YOUR TASK —
Reproduce the listing below in full and exactly; no pictures belong in the copy.

SUPPLIED MATERIAL —
%%

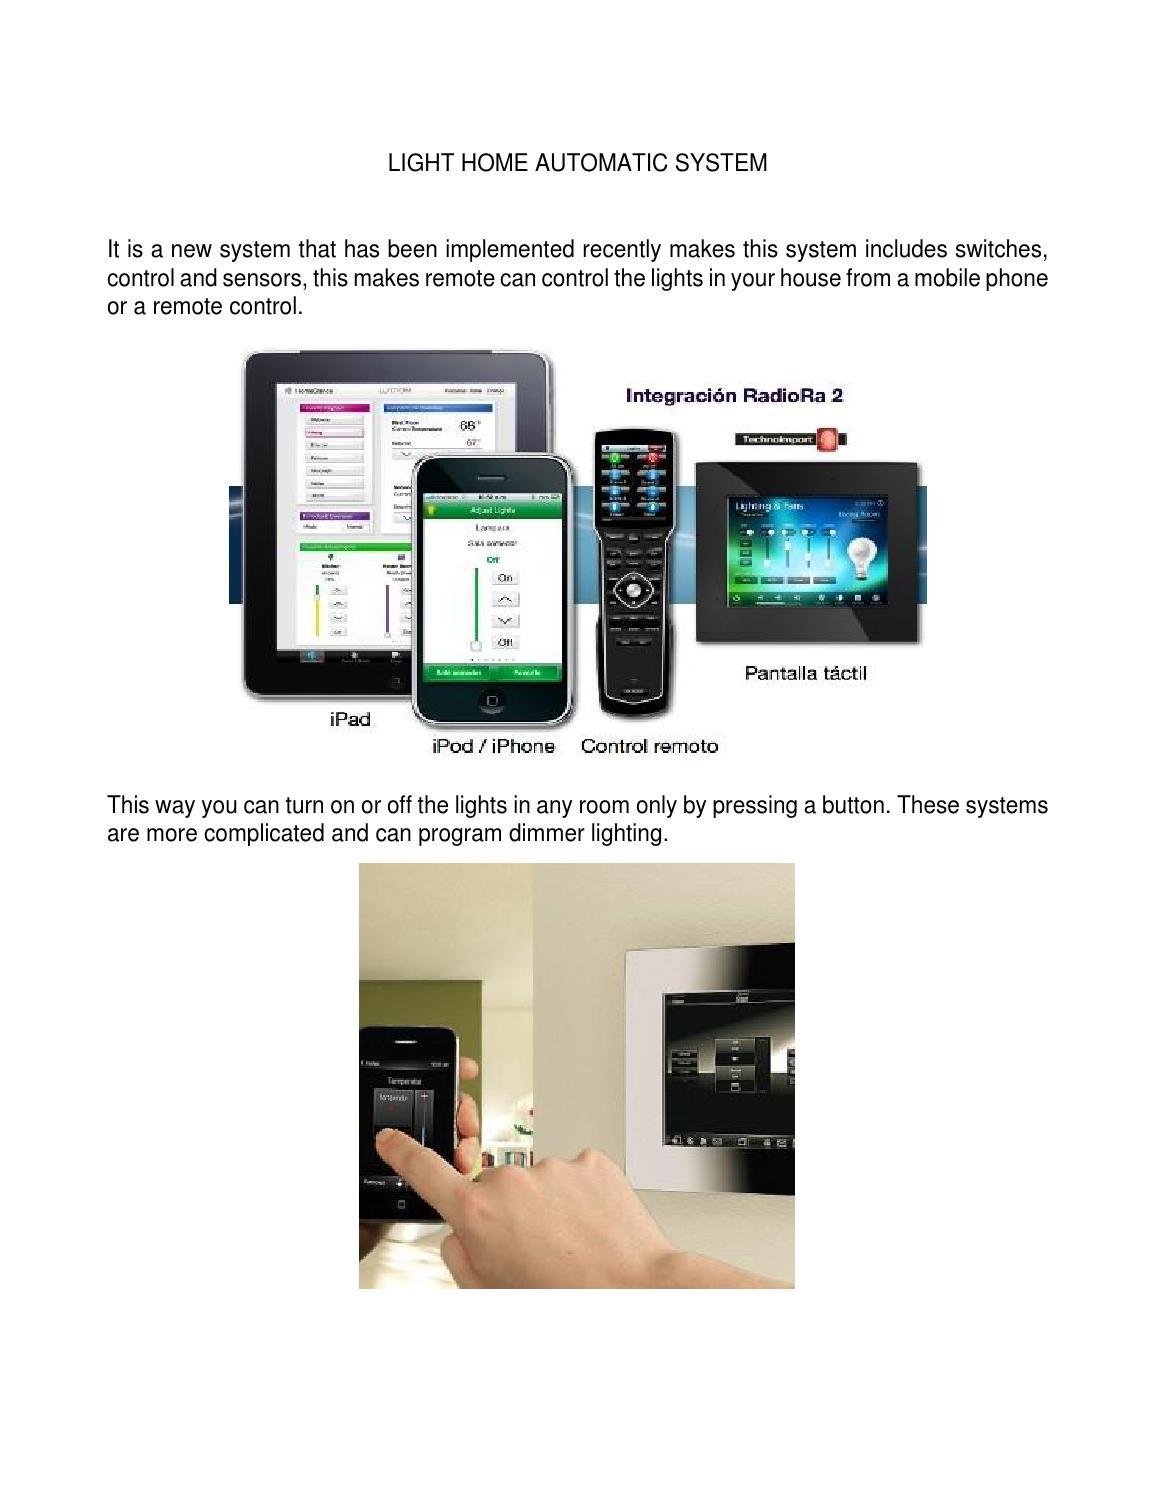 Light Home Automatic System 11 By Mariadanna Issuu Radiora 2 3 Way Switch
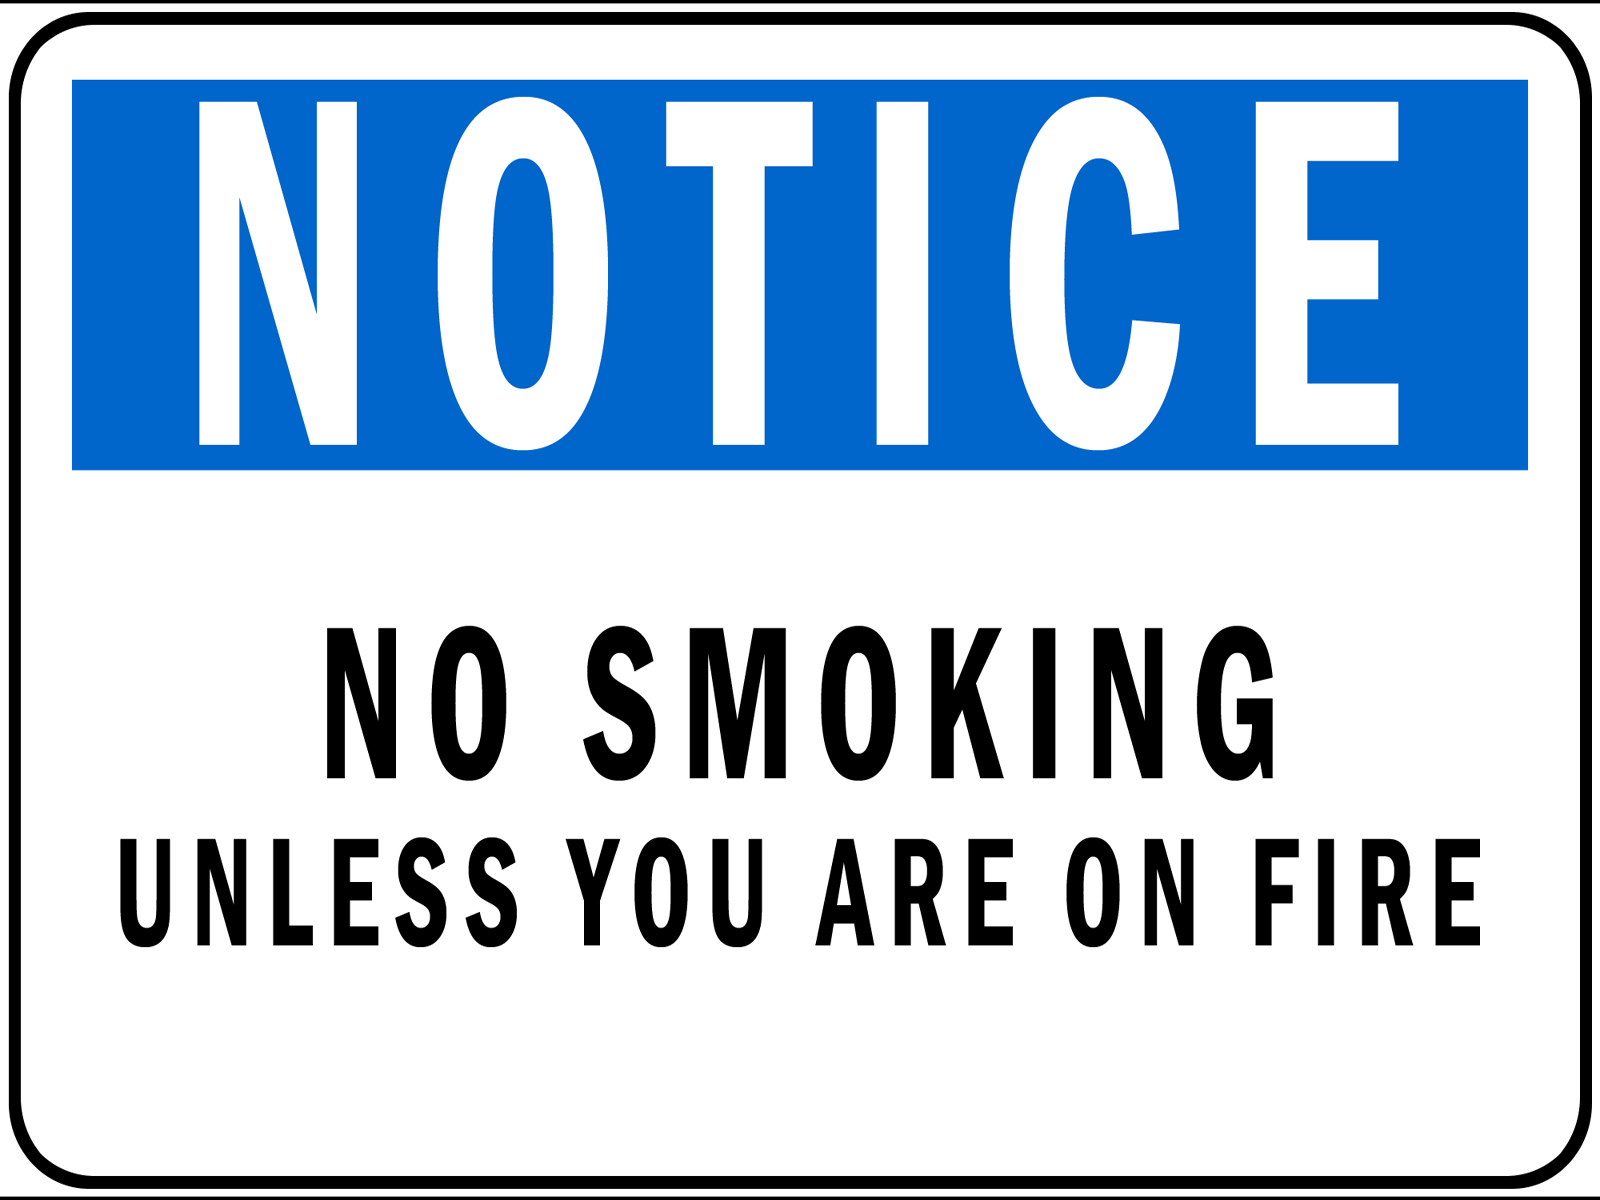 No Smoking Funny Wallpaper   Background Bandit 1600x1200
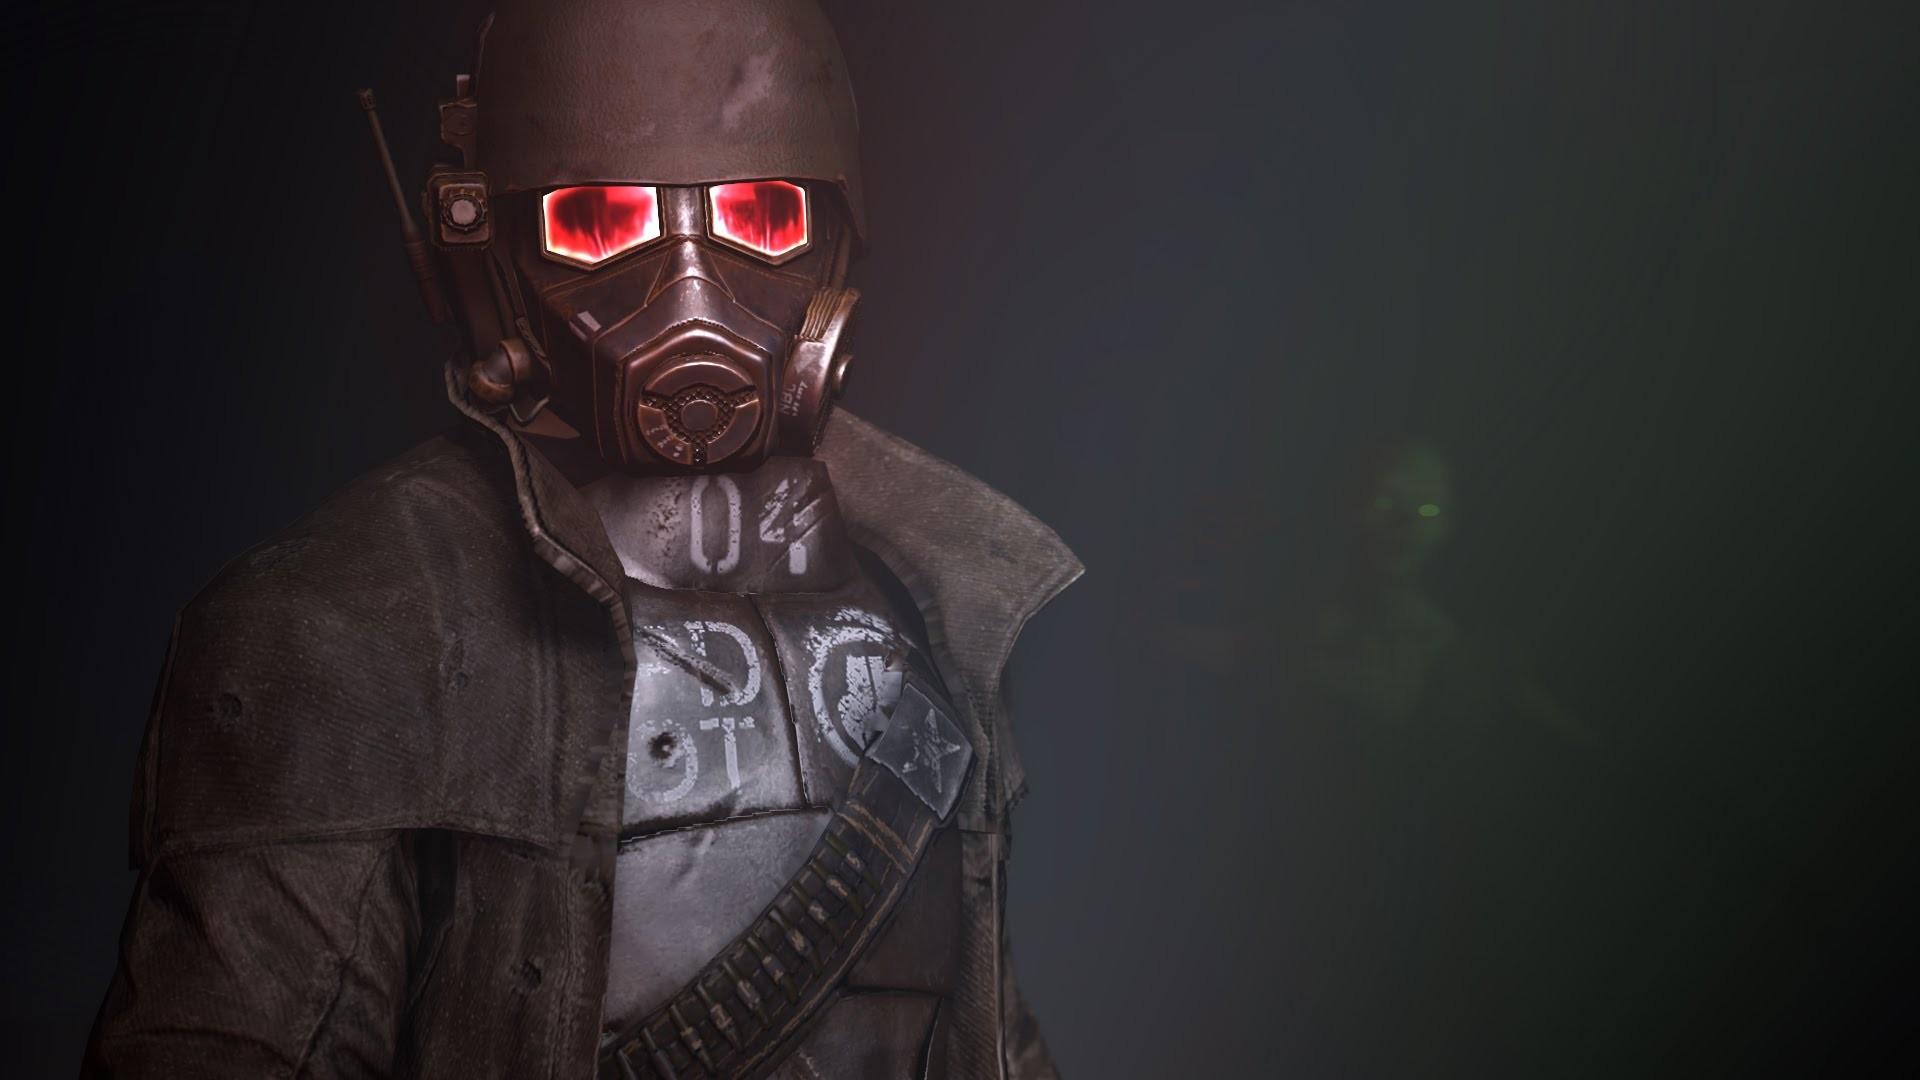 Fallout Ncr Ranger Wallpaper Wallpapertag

%%

ANSWER AREA —
 Light Home Automatic System 11 By Mariadanna Issuu Radiora 2 3 Way Switch
 No Smoking Funny Wallpaper   Background Bandit 1600x1200
 Fallout Ncr Ranger Wallpaper Wallpapertag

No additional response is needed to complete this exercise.